The schema does not need to be recreated as it is contained in the system keyspace, and copied from the backup.

Case #2 - Restore To A Different Cluster With Same Number Of Nodes

Restoring to a different cluster with the same number of nodes is a little harder because:

  • The destination cluster may have a different name, which is stored in system.local table.
  • The nodes may have different names.
  • The nodes may have different token assignments.

Cassandra Medusa Full Backups

Use the following command to run a remote restore:

$ medusa restore-cluster --backup-name=<name of the backup> \
                         --host-list <mapping file>

The host-list parameter tells Medusa how to map from the original backup nodes to the destination nodes in the new cluster, which is assumed to be a working Cassandra cluster.
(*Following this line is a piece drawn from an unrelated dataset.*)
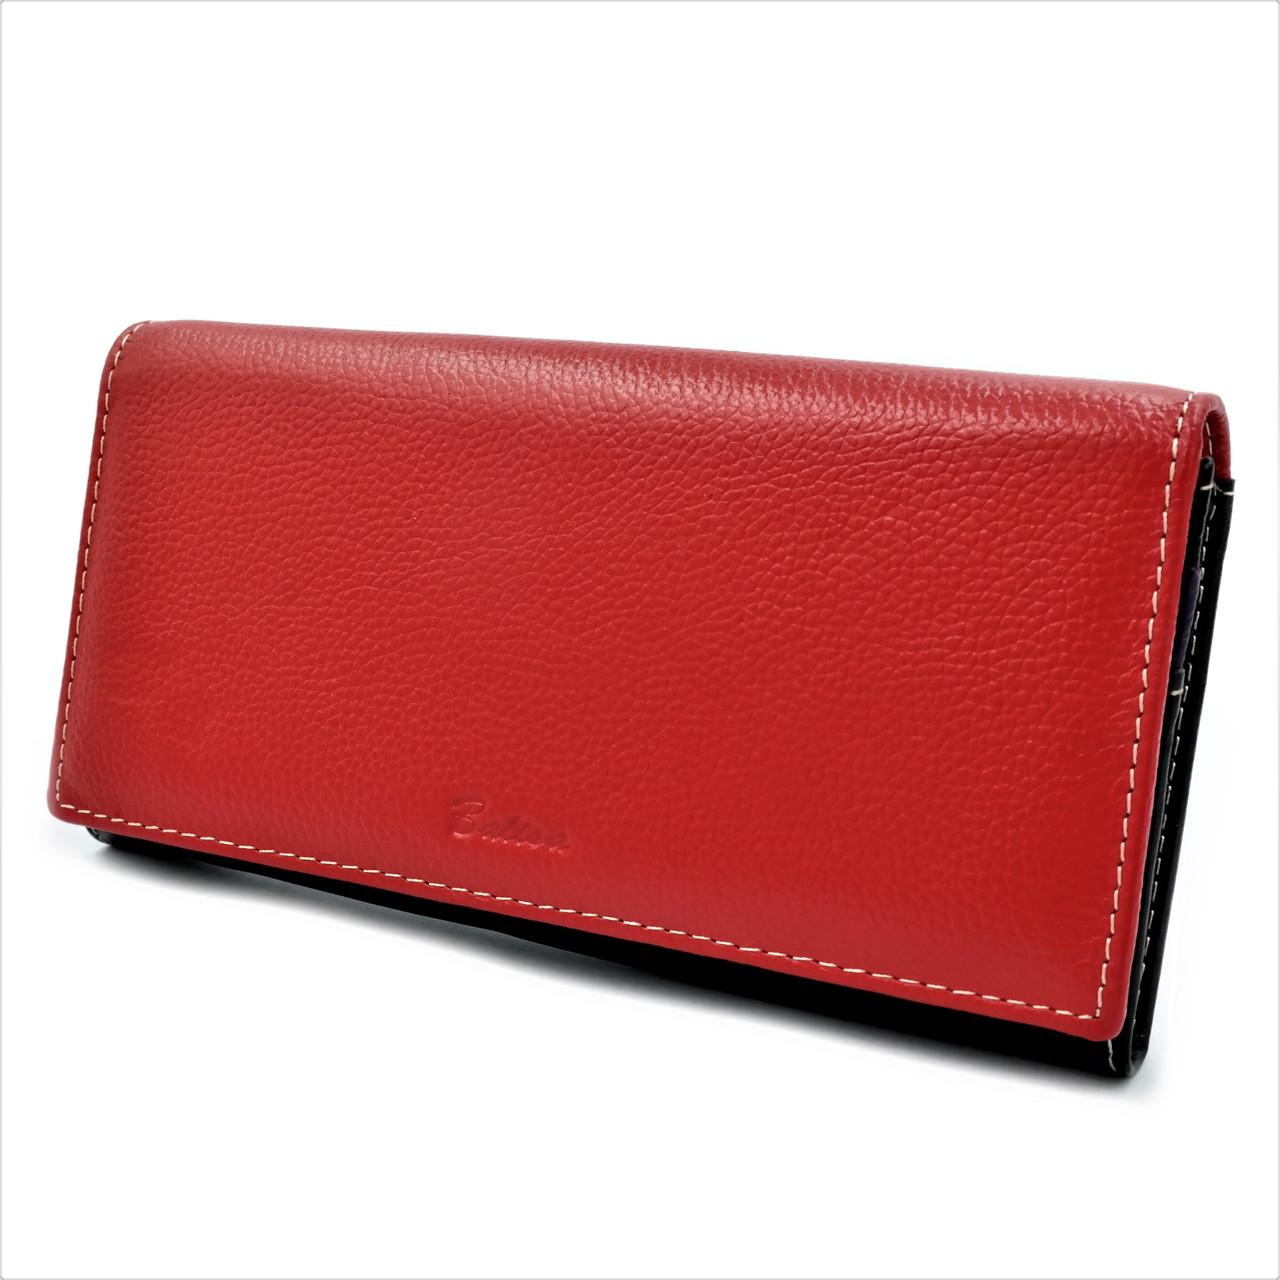 Женский кожаный кошелек Красный + Чёрный Удобный кошелек для девушки Женский кошелек портмоне из кожи

The mapping file must be a Command Separated File (without a heading row) with the following columns:

  1. is_seed: True or False indicating if the destination node is a seed node. So we can restore and start the seed nodes first.
  2. target_node: Host name of a node in the target cluster.
  3. source_node: Host name of a source node to copy the backup data from.

For example:


In addition to the steps listed for Case 1 above, when performing a backup to a remote cluster the following steps are taken:

  1. The system.local and system.peers tables are not modified to preserve the cluster name and prevent the target cluster from connecting to the source cluster.
  2. The system_auth keyspace is restored from the backup, unless the --keep-auth flag is passed to the restore command.
  3. Token ownership is updated on the target nodes to match the source nodes by passing the -Dcassandra.initial_token JVM parameter when the node is restarted. Which causes ownership to be updated in the local system keyspace.
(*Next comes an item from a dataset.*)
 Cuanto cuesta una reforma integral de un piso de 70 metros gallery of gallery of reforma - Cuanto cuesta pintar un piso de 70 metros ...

Case #3 - Restore To A Different Cluster With A Different Number Of Nodes

Restoring to a different cluster with a different number of nodes is the hardest case to deal with because:

  • The destination cluster may have a different name, which is stored in system.local table.
  • The nodes may have different names.
  • The nodes may have different token assignments.
  • Token ranges can never be the same as there is a different number of nodes.

The last point is the crux of the matter. We cannot get the same token assignments because we have a different number of nodes, and the tokens are assigned to evenly distribute the data between nodes. However the SSTables we have backed up contain data aligned to the token ranges defined in the source cluster. The restore process must ensure the data is placed on the nodes which are replicas according to the new token assignments, or data will appear to have been lost.

To support restoring data into a different topology Medusa uses the sstableloader tool from the Cassandra code base. While slower than copying the files from the backup the sstableloader is able to “repair” data into the destination cluster. It does this by reading the token assignments and streaming the parts of the SSTable that match the new tokens ranges to all the replicas in the cluster.

Cassandra Medusa Full Backups

Use the following command to run a restore to a cluster with a different topology :

$ medusa restore-cluster --backup-name=<name of the backup> \

Restoring data using this technique has some drawbacks:

  1. The restore will take significantly longer.
  2. The amount of data loaded into the cluster will be the size of the backup set multiplied by the Replication Factor. For example, a backup of a cluster with Replication Factor 3 will have 9 copies of the data loaded into it. The extra replicas will be removed by compaction however the total on disk load during the restore process will be higher than what it will be at the end of the restore. See below for a further discussion.
  3. The current schema in the cluster will be dropped and a new one created using the schema from the backup. By default Cassandra will take a snapshot when the schema is dropped, a feature controlled by the auto_snapshot configuration setting, which will not be cleared up by Medusa or Cassandra. If there is an existing schema with data it will take extra disk space. This is a sane safety precaution, and a simple work around is to manually ensure the destination cluster does not have any data in it.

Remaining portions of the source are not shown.